14. The system of claim 13, wherein the at least one data structure comprises one or more of an I/O key and a processor key.

15. The system of claim 13, wherein the at least one data structure further comprises an I/O allocation for the computer system.

16. A computer-readable medium having instructions therein, executable by a computer having at least one partition to perform the method of allocating and limiting the amount of input/output (I/O) use in a partition of a computer system, the method comprising: dividing a system-wide upper limit on I/O usage within the partitioned computer by a total number of active partitions within the computer system to establish an allocation quantity of I/O for each partition; and preventing I/O transfers in a partition from exceeding the allocation quantity for that partition.

17. The computer-readable medium of claim 16, wherein dividing further comprises reading a key and detecting the licensed limit on I/O capacity for the partitioned computer and dividing the system-wide upper limit by a total number of partitions.
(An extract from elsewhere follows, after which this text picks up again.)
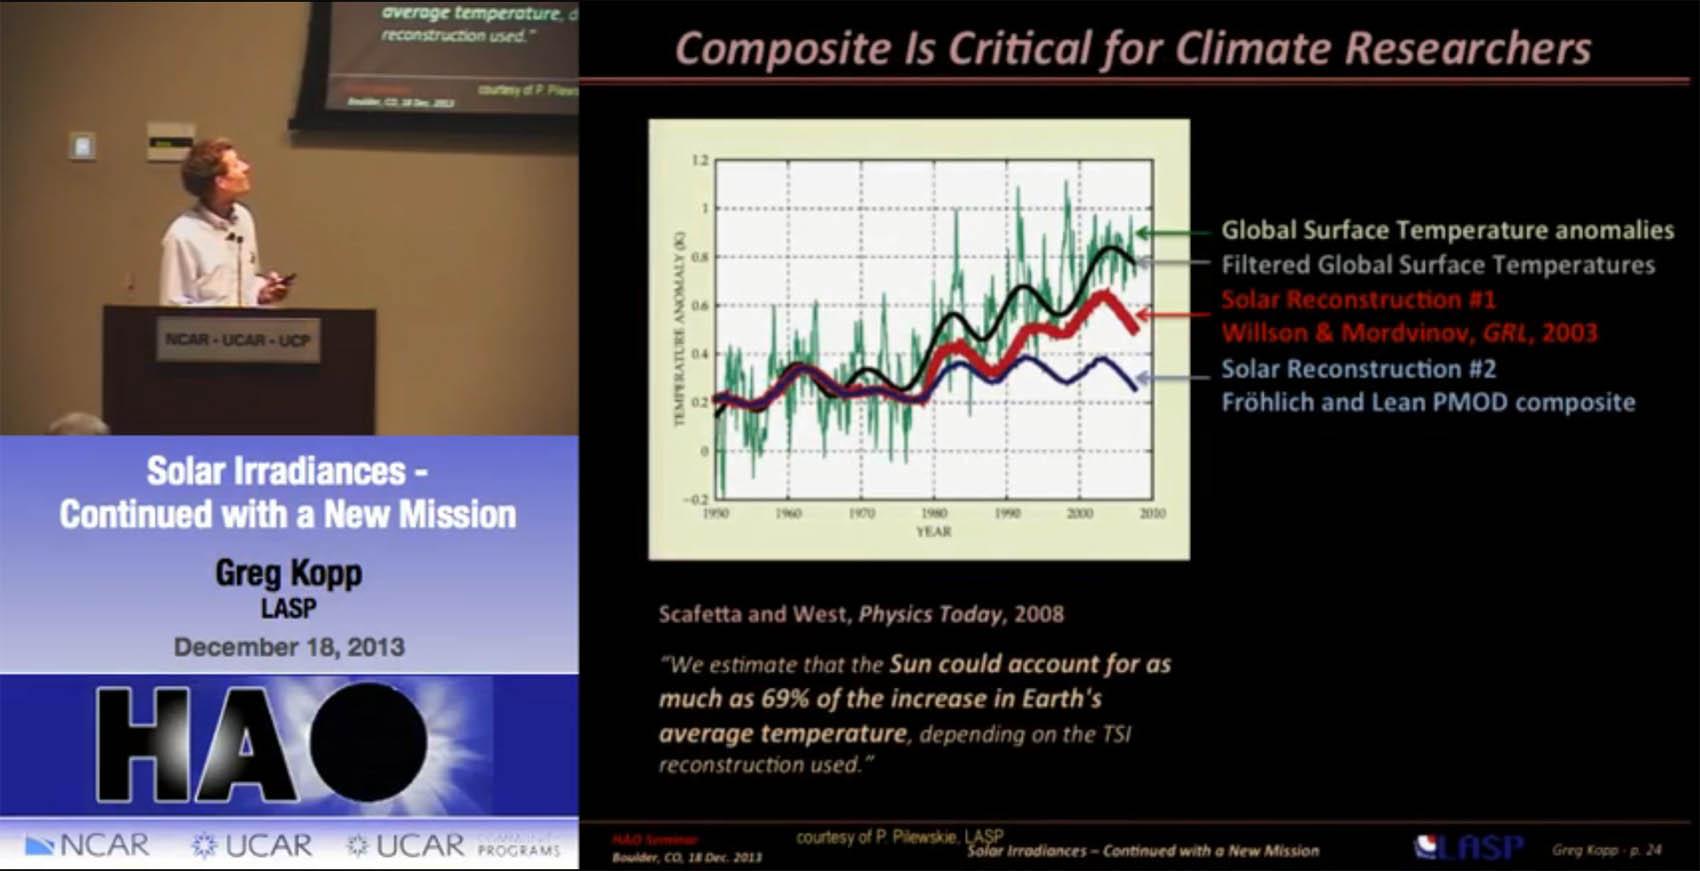 Figuur 13: LISIRD auteur Greg Kopp beschrijft de controverse onder TSI experts over invloed van de zon op klimaatverandering.

18. The computer-readable medium of claim 16, wherein preventing I/O transfers in a partition from exceeding the allocation quantity for that partition comprises counting I/O transfers across one or more I/O channels in a partition and stopping further I/O transfers which exceed the allocation quantity for the partition.

19. A computer-readable medium having instructions therein, executable by a computer having at least one partition to perform the method of adding input/output (I/O) capacity to a newly activated partition in a partitioned computer system, the method comprising: determining a first fixed amount of I/O to be added to the newly activated partition; determining a number of active computer partitions that are currently allocated an amount of I/O; dividing the first fixed amount by the number of active computer partitions to calculate a reduction amount; reducing an amount of I/O in every partition by the reduction amount; and adding the first fixed amount of I/O to the newly activated partition; whereby the new partition receives an allocation from the active partitions.

20. A computer-readable medium having instructions therein, executable by a computer having at least one partition to perform the method of allocating input/output (I/O) usage in a partitioned computer system, the method comprising: establishing a system-wide limit for I/O usage; and activating a portion of the system-wide I/O limit for use in each computer partition, wherein the activation is performed via an object library that manages licensing to verify activations; allowing a computer partition to utilize the activated portion of I/O; and measuring I/O utilization and limiting I/O use on a partition level to meet the system-wide limit.

21. The computer-readable medium of claim 20, wherein the step of activating a portion of the system-wide I/O limit comprises using an I/O key, wherein the I/O key provides a specific license.

22. A computer-readable medium having instructions therein, executable by a computer having at least one partition to perform the method of balancing input/output allocation between two computer partitions in a computer system, the method comprising: accessing from a first partition, a current I/O allocation of a second partition; adding a current I/O allocation of the first partition to the current allocation of the second partition to find a combined allocation; dividing the combined allocation evenly between the first and second partitions and communicating the divided allocation to the first and second allocations; and establishing the divided allocation as a new I/O limit within the first and the second computer partitions.

23. The computer-readable medium of claim 22, further comprising: detecting an unallocated portion of I/O resource available within the computer system; distributing the unallocated portion of I/O resource evenly between the first partition and the second partition.